Harvard Magazine printed the following chart that confirms a trend in undergraduate majors that we all know about: students are favoring STEM majors at the expense of humanities.

I like the chart. The dot plot is great for showing this dataset. They placed the long text horizontally. The use of color is crucial, allowing us to visually separate the STEM majors from the humanities majors.

Then, the axis announced itself.
I was baffled, then disgusted.
Here is a magnified view of the axis:

Notice the following features of this transformed scale:

  • It can’t be a log scale because many of the growth values are negative.
  • The interval for 0%-25% is longer than for 25%-50%. The interval for 0%-50% is also longer than for 50%-100%. On the positive side, the larger values are pulled in and the smaller values are pushed out.
  • The interval for -20%-0% is the same length as that for 0%-25%. So, the transformation is not symmetric around 0.

I have no idea what transformation was applied. I took the growth values, measured the locations of the dots, and asked Excel to fit a polynomial function, and it gave me a quadratic fit, R square > 99%.

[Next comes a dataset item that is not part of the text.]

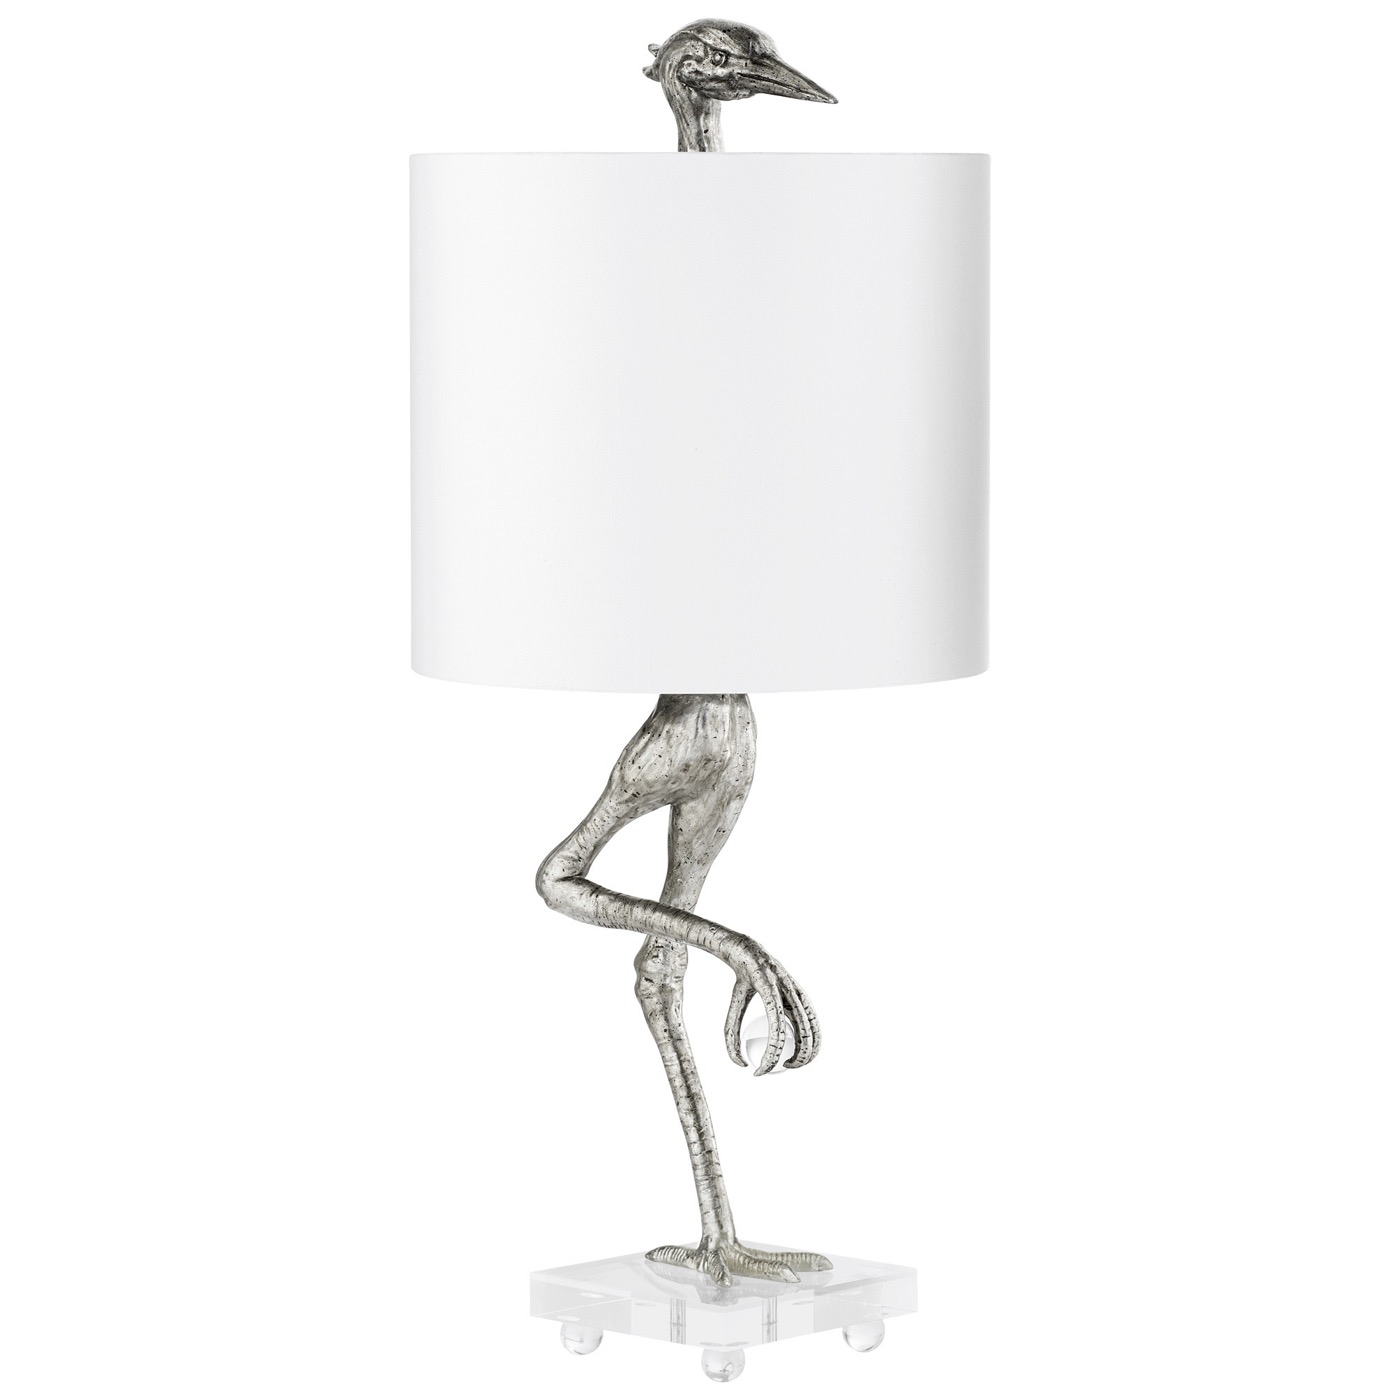 Canard Table Lamp | Silver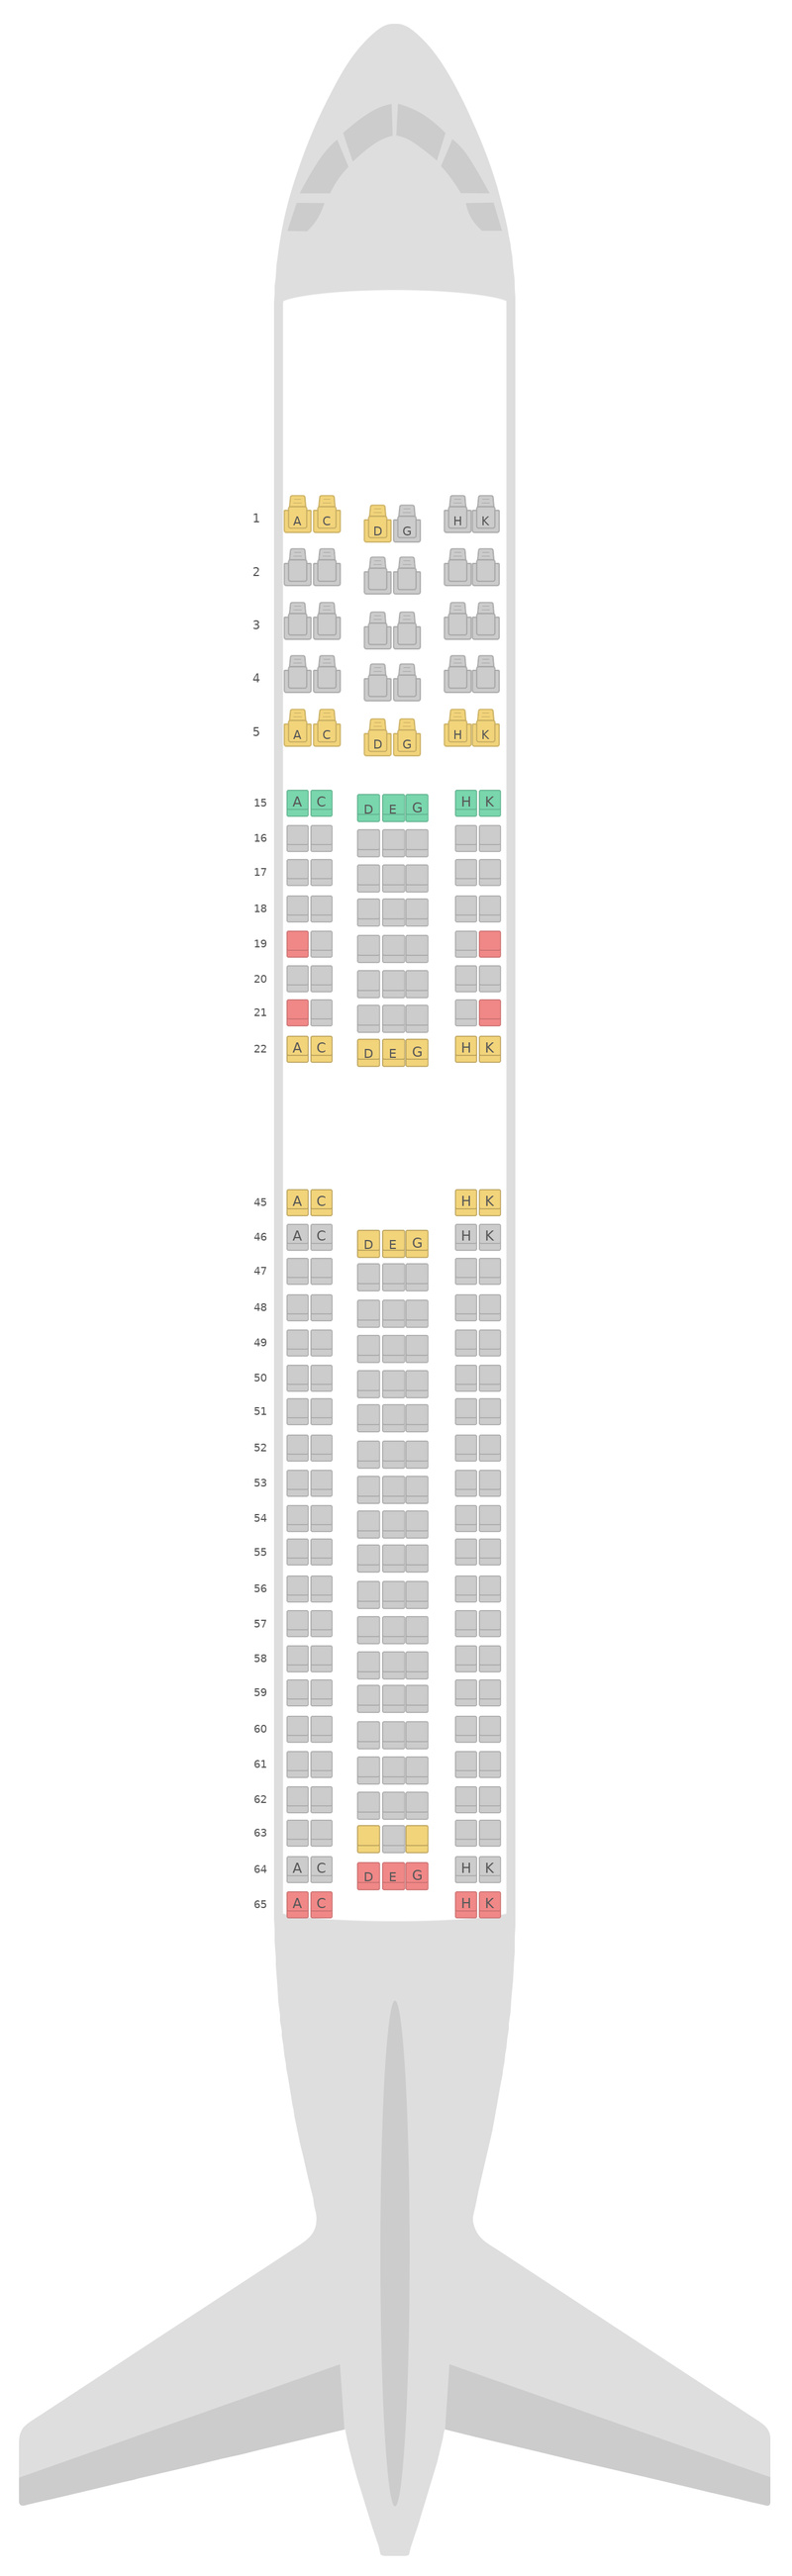 Схема салона Боинг 767-300ER v4 Японские авиалинии

Here’s the first time I’ve seen this transform: -50 x^2 + 240 x – 7.

This formula fits the values within the range extremely well. I hope this isn’t the actual transformation. That would be disgusting. Regardless, they ought to have advised readers of their unusual scale.

Using the inferred formula, I retrieved the original growth values. They are not extreme, falling between -50% and 125%. There is nothing to be gained by transforming the scale.

The following chart undoes the transformation.

(I also grouped the majors by their fields.)

P.S. A number of readers have figured out the actual transformation, which is the log of the relative ratio of the number of degrees. A reader also pointed us to an article by Benjamin Schmidt who made the original chart. In several other analyses, he looked at “market share” metrics. I prefer the share metric also for this chart. In the above, a 50% increase doesn’t really balance out a 33% decrease because the 2011 values differ across majors.

P.P.S. Schmidt adds some useful information in comments:

Yeah, this is code that I run every year. Harvard Magazine asked if they could use the 2022 version, and must have done something in Illustrator. (Also they dropped a bunch of fields that don’t apply to Harvard–Harvard has no business major, so they hide business.)

I’ll switch it to label fractions rather than percentages next time, and grouping across areas as above is a solid improvement. But the real problem here is that there aren’t *enough* log scales in the world for it to be obvious what’s going on. They are better when discussing rates of change. A linear scale implies the possibility of a 150% drop. That’s worse than meaningless–it’s connected to a lot of mistaken reasoning about percentages. (E.g. people thinking that a 5% drop followed by a 5% rise would bring you back to the same point; the failure to understand compound interest; etc.) IMO charts shouldn’t reflect expectations when those expectations rest on bad mental models.

Here, FWIW, is the code.

p1 = c2 %>%
ggplot() + aes(color = label, y = change, x = reorder(Discipline, change, function(x) {x[1]})) +
geom_point() + labs(title=paste0(“Fig. 1: Change in degrees, “, y1, “-“, y2), y = paste0(“Change in number awarded “, y1, “-“, y2), x = “Major”, color = “General Field”, caption = “Sources: NCES IPEDS data; taxonomy adapted from American Academy of Arts and Sciences.\nBen Schmidt, 2022”) +
coord_flip() + scale_y_continuous(breaks = c(1/2, 2/3, 4/5, 1, 5/4, 3/2, 2, 3), labels=scales::percent(c(1/2, 2/3, 4/5, 1, 5/4, 3/2, 2, 3) – 1)) + theme_bw() + scale_x_discrete(“Major”) + theme(legend.position = “bottom”) + scale_color_brewer(type=’qual’, palette = 2, guide = guide_legend(ncol = 2))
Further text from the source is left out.